The nozzle diameter is the first factor in determining the effect of the spray process on the morphology of the printing surface. Nozzle size influences the formation of particle size critically. The particle size affects how the CNT/CNF complex in the fiber form of conductive ink is distributed on the substrate. Various spray nozzle designs are used, such as full cone, hollow cone, and flat fan. A previous study reported that droplets are commonly the largest size in a full cone and the smallest in a hollow cone [23]. In this study, a hollow cone nozzle was used for the experiment. Two nozzle diameters, 0.4 Ø and 0.7 Ø, compatible with spray machines, were used to make samples at a distance of 14 cm for one second. Figure 3 shows the deposition and coalescence of droplets according to nozzle diameter, and the number of droplets was calculated by simplifying the image. In Figure 3a,c, the dark areas are ink, and the light areas are substrate. Figure 3b,d are the same as Figure 3a,c, respectively, but also show only the outline of deposited ink, which was converted by Image J. The criterion for selecting ‘deposition’ is not size but whether or not the droplets overlap; therefore, Figure 3b,d show a more apparent difference between the deposition and the coalescence.

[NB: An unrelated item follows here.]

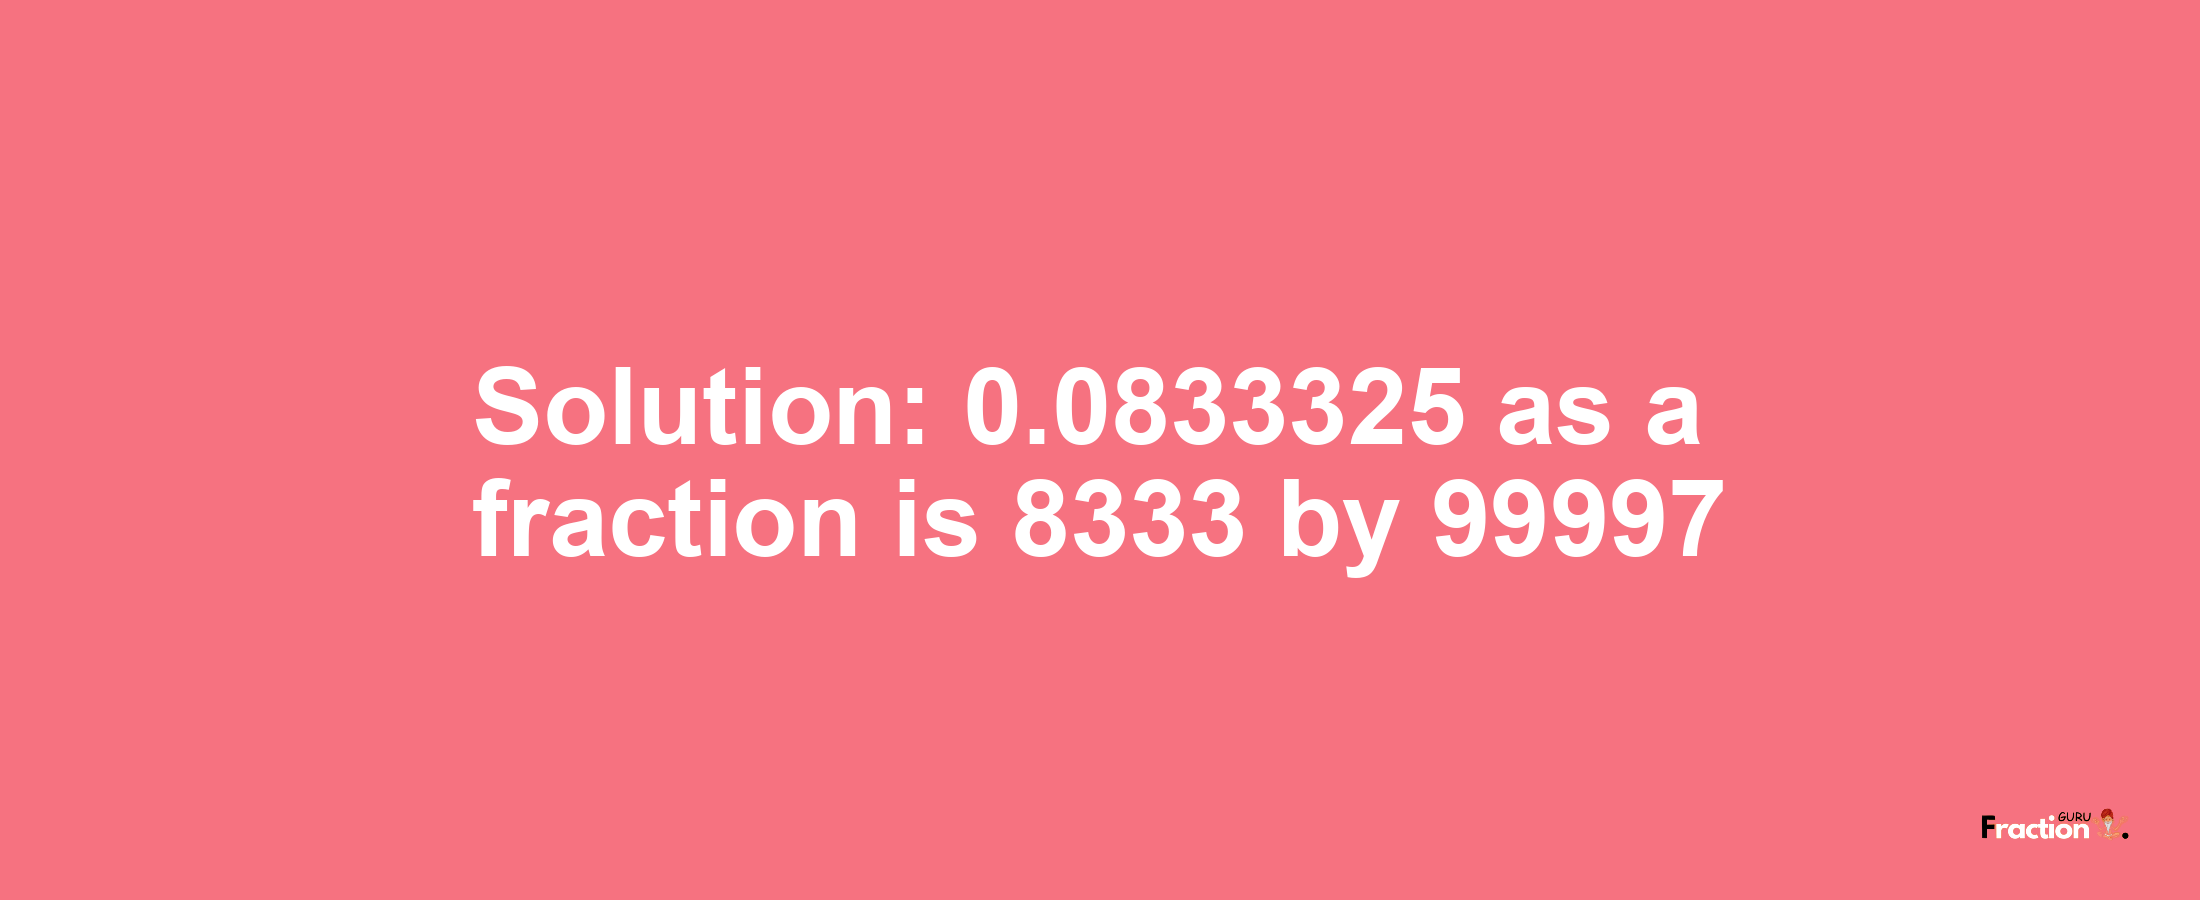 Solution:0.0833325 as a fraction is 8333/99997

In Figure 3, the number of droplets in the 10 × 10 cm film was 1755 and 1252 for the samples of 0.4 Ø and 0.7 Ø, respectively. The 0.4 Ø sample has 40.18% more drops than the 0.7 Ø sample. In addition, it was confirmed that the sum of the droplet area was 62,092.52 μm², which was 212.06% larger than the 0.7 Ø nozzle of 19,897.40 μm². The results can be seen as the nozzle diameter that controls the sprayed droplet’s size determines the size, pattern, and distribution of the atomized droplets on the substrate [23]. In addition, the images in Figure 3b,d were analyzed to determine the morphological characteristics of deposition and coalescence of atomized droplets. Droplet deposition and coalescence shape showed differences in size. It confirms that nozzle diameter does not affect deposition and coalescence during the spray process but only affects atomization.
In Table 2, the surface roughness of 0.4 Ø is 0.95 μm and 0.7 Ø is 1.03 μm. Therefore, 0.4 Ø is less than 0.7 Ø, and the morphological characteristic is more uniform at 0.4 Ø. According to this morphological characteristic, the spacious uniform printing of CNT/CNF composite ink with a tiny droplet is expected to benefit the electrical characteristic because the improved connection between the droplets leads to an increase in the conductivity of printing [27].

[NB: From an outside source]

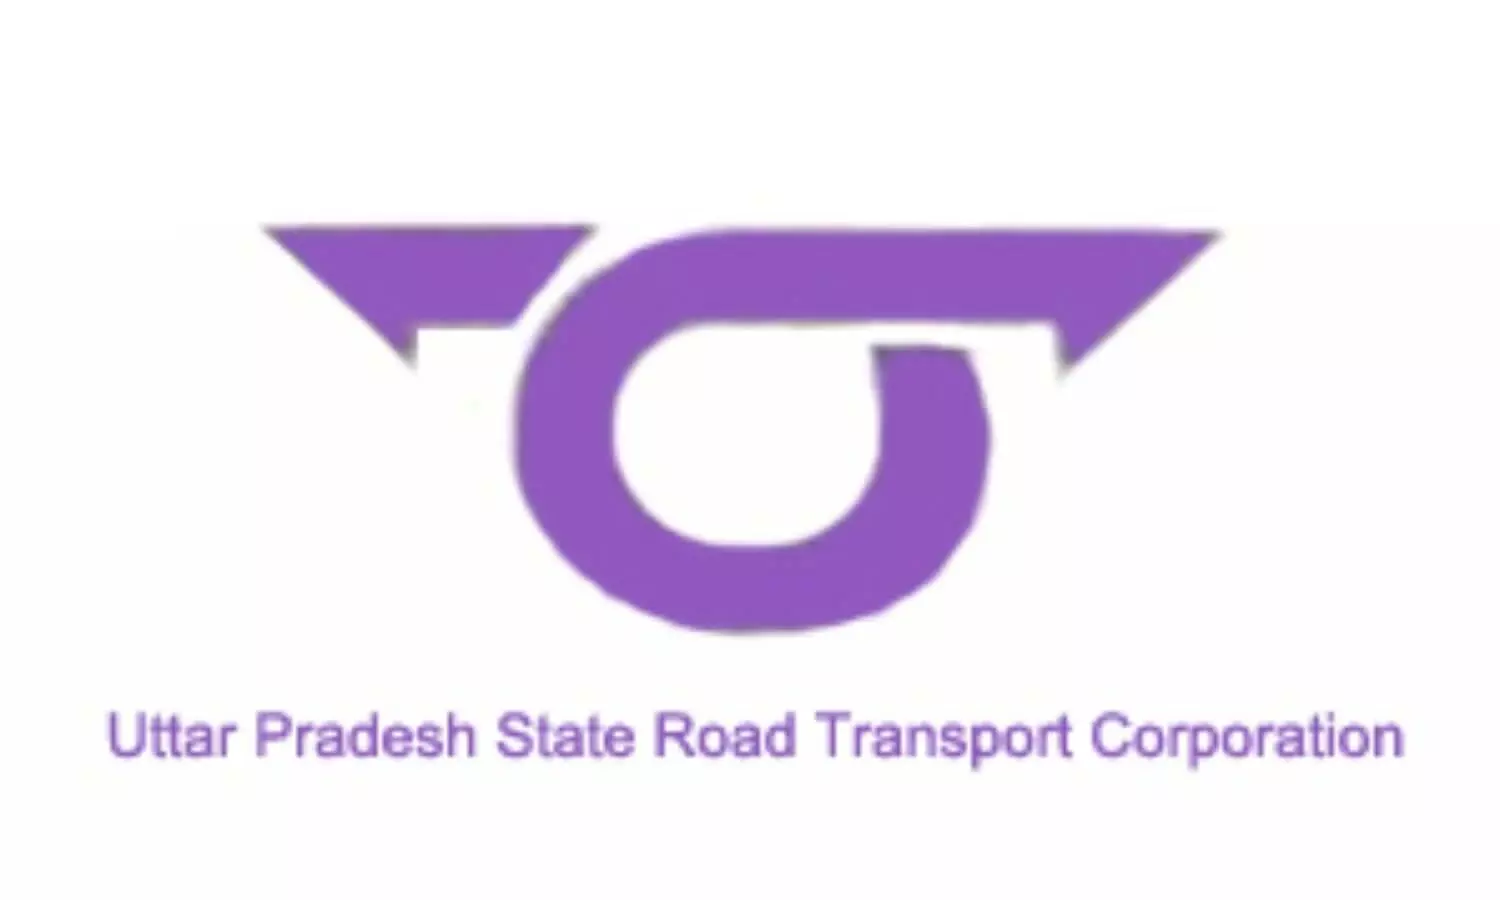 UP Transport Corporation Recruitment contract drivers by setting up camps

3.2. Effect of Spraying Speed

The effect of the spray speed on the resulted printing was confirmed. The nozzles of Figure 4 showed that it is advantageous to spray droplets evenly and widely onto the substrate in a tiny size for uniform printing. It is predicted that printing speed also would have an impact on morphology. The printing speed means nozzle movement speed. There are two methods of spray used: one is the nozzle moving, and the other is the substrate moving, as shown in Figure 4. The printing speed for the nozzle moving was carried out at intervals of 10 mm/s from 180 to 250 mm/s, which is an operable range from the spray machine. The substrate moving was used for high-speed printing with a fixed spray nozzle, and the substrate attached to the roll was allowed to rotate up to 2000 mm/s.

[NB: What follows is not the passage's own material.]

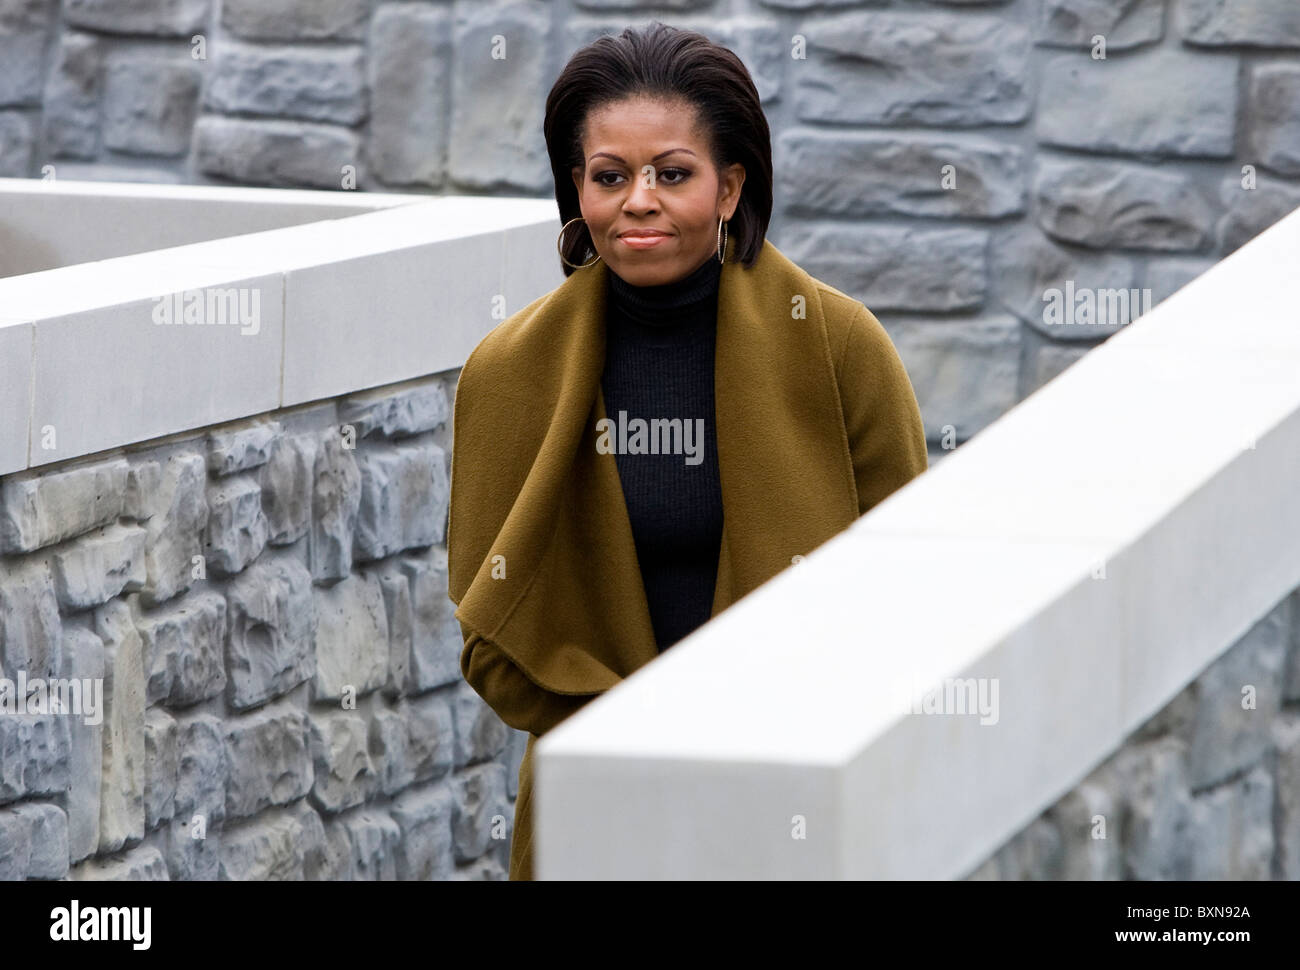 First Lady Michelle Obama. Stockfoto

The printing was carried out on a substrate moving from 200 to 2000 mm/s. In both cases, the distance between the nozzle and the substrate was 14 cm. Finally, a sample was prepared by fixing the ink injection amount to 20 mL.
Finally, a sample was prepared by fixing the ink injection amount to 20 mL, and 5 mL was printed a total of 4 times.
Figure 5 shows the effect of spray-printing speed, although different printing methods were used at low speeds (below 250 mm/s) and high speeds (over 500 mm/s). In the case of low-speed printing, the nozzle moves, and in the case of high-speed printing, the drum rotates. Figure 5a shows that the surface roughness decreased by 40% from 1.1 to 0.57 μm, increasing speed from 180 to 250 mm/s. However, it was found that a change (less than 1%) in surface roughness at speeds of 500 mm/s or more was negligible. The decrease in surface roughness due to increased print speed under fixed-parameter conditions can be explained. First, the amount of ink sprayed on the substrate per unit time is small. In this case, since the droplets on the film substrate are quickly dried, the change in the deposition morphology is small. There is a result of reducing the effect on coalescence after deposition [25]. Second, the morphology of the deposited droplets has directionality by the direction of movement of the nozzle or rotation of the substrate. In particular, the effect is expected to be remarkable for fiber-based ink. When the electro-conductive nanofibers in droplets are arranged, defects such as a coffee ring structure that increases surface roughness are reduced and uniform [28,29]. However, as shown in Figure 4, it is found that the print surface morphologies are not affected at a certain speed or higher.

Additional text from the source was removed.